### Description of the task:
From the first record below to the last, retype each one exactly.

***** Exercise materials

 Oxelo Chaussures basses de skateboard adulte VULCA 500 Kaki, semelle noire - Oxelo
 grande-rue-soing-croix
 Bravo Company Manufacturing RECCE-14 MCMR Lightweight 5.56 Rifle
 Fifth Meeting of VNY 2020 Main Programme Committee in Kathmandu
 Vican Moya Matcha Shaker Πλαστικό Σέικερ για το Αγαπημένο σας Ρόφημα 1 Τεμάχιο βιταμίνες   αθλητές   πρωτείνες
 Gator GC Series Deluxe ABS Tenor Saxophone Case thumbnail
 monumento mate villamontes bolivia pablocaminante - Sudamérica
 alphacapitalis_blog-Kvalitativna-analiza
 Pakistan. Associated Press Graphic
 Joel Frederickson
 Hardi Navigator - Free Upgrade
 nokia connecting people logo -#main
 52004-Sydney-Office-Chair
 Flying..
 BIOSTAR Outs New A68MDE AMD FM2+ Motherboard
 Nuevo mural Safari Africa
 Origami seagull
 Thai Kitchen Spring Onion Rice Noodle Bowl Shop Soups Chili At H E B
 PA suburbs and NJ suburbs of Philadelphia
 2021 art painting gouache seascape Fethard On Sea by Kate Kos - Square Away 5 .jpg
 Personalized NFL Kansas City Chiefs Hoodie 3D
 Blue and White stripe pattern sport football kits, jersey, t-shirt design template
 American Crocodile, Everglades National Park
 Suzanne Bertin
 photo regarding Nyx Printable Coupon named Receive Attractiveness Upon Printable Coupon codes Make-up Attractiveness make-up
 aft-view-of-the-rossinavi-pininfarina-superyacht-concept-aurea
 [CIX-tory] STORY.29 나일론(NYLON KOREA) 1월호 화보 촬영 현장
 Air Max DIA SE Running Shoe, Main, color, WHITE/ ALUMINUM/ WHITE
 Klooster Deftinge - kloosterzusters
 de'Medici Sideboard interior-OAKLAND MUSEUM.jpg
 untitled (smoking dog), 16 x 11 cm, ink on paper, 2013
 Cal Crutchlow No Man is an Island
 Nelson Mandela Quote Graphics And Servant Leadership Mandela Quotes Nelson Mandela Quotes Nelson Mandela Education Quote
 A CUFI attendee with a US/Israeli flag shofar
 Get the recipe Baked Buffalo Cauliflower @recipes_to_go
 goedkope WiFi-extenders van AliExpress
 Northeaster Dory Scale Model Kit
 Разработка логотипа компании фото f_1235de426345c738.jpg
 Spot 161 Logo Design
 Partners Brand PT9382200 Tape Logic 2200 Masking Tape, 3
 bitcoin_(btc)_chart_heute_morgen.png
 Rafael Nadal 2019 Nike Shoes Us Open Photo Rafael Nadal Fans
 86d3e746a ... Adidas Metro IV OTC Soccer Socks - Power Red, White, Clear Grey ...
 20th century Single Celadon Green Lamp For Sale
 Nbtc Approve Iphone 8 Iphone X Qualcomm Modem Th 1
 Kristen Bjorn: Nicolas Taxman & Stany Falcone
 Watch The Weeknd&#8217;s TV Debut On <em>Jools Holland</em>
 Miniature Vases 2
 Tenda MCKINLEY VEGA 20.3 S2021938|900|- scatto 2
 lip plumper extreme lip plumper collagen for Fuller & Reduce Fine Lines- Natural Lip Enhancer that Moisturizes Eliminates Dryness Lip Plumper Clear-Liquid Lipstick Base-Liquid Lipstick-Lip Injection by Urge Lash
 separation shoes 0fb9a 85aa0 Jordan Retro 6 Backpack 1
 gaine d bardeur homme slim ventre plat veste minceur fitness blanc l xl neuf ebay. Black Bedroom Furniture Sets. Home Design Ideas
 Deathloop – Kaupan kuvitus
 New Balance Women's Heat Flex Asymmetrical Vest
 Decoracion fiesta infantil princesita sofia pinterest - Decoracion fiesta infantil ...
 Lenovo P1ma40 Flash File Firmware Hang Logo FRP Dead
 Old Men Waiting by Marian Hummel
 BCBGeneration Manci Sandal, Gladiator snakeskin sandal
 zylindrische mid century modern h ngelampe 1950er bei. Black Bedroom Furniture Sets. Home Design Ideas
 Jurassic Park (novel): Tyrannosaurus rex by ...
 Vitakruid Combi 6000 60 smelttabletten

**********

### Task answer:
 Oxelo Chaussures basses de skateboard adulte VULCA 500 Kaki, semelle noire - Oxelo
 grande-rue-soing-croix
 Bravo Company Manufacturing RECCE-14 MCMR Lightweight 5.56 Rifle
 Fifth Meeting of VNY 2020 Main Programme Committee in Kathmandu
 Vican Moya Matcha Shaker Πλαστικό Σέικερ για το Αγαπημένο σας Ρόφημα 1 Τεμάχιο βιταμίνες   αθλητές   πρωτείνες
 Gator GC Series Deluxe ABS Tenor Saxophone Case thumbnail
 monumento mate villamontes bolivia pablocaminante - Sudamérica
 alphacapitalis_blog-Kvalitativna-analiza
 Pakistan. Associated Press Graphic
 Joel Frederickson
 Hardi Navigator - Free Upgrade
 nokia connecting people logo -#main
 52004-Sydney-Office-Chair
 Flying..
 BIOSTAR Outs New A68MDE AMD FM2+ Motherboard
 Nuevo mural Safari Africa
 Origami seagull
 Thai Kitchen Spring Onion Rice Noodle Bowl Shop Soups Chili At H E B
 PA suburbs and NJ suburbs of Philadelphia
 2021 art painting gouache seascape Fethard On Sea by Kate Kos - Square Away 5 .jpg
 Personalized NFL Kansas City Chiefs Hoodie 3D
 Blue and White stripe pattern sport football kits, jersey, t-shirt design template
 American Crocodile, Everglades National Park
 Suzanne Bertin
 photo regarding Nyx Printable Coupon named Receive Attractiveness Upon Printable Coupon codes Make-up Attractiveness make-up
 aft-view-of-the-rossinavi-pininfarina-superyacht-concept-aurea
 [CIX-tory] STORY.29 나일론(NYLON KOREA) 1월호 화보 촬영 현장
 Air Max DIA SE Running Shoe, Main, color, WHITE/ ALUMINUM/ WHITE
 Klooster Deftinge - kloosterzusters
 de'Medici Sideboard interior-OAKLAND MUSEUM.jpg
 untitled (smoking dog), 16 x 11 cm, ink on paper, 2013
 Cal Crutchlow No Man is an Island
 Nelson Mandela Quote Graphics And Servant Leadership Mandela Quotes Nelson Mandela Quotes Nelson Mandela Education Quote
 A CUFI attendee with a US/Israeli flag shofar
 Get the recipe Baked Buffalo Cauliflower @recipes_to_go
 goedkope WiFi-extenders van AliExpress
 Northeaster Dory Scale Model Kit
 Разработка логотипа компании фото f_1235de426345c738.jpg
 Spot 161 Logo Design
 Partners Brand PT9382200 Tape Logic 2200 Masking Tape, 3
 bitcoin_(btc)_chart_heute_morgen.png
 Rafael Nadal 2019 Nike Shoes Us Open Photo Rafael Nadal Fans
 86d3e746a ... Adidas Metro IV OTC Soccer Socks - Power Red, White, Clear Grey ...
 20th century Single Celadon Green Lamp For Sale
 Nbtc Approve Iphone 8 Iphone X Qualcomm Modem Th 1
 Kristen Bjorn: Nicolas Taxman & Stany Falcone
 Watch The Weeknd&#8217;s TV Debut On <em>Jools Holland</em>
 Miniature Vases 2
 Tenda MCKINLEY VEGA 20.3 S2021938|900|- scatto 2
 lip plumper extreme lip plumper collagen for Fuller & Reduce Fine Lines- Natural Lip Enhancer that Moisturizes Eliminates Dryness Lip Plumper Clear-Liquid Lipstick Base-Liquid Lipstick-Lip Injection by Urge Lash
 separation shoes 0fb9a 85aa0 Jordan Retro 6 Backpack 1
 gaine d bardeur homme slim ventre plat veste minceur fitness blanc l xl neuf ebay. Black Bedroom Furniture Sets. Home Design Ideas
 Deathloop – Kaupan kuvitus
 New Balance Women's Heat Flex Asymmetrical Vest
 Decoracion fiesta infantil princesita sofia pinterest - Decoracion fiesta infantil ...
 Lenovo P1ma40 Flash File Firmware Hang Logo FRP Dead
 Old Men Waiting by Marian Hummel
 BCBGeneration Manci Sandal, Gladiator snakeskin sandal
 zylindrische mid century modern h ngelampe 1950er bei. Black Bedroom Furniture Sets. Home Design Ideas
 Jurassic Park (novel): Tyrannosaurus rex by ...
 Vitakruid Combi 6000 60 smelttabletten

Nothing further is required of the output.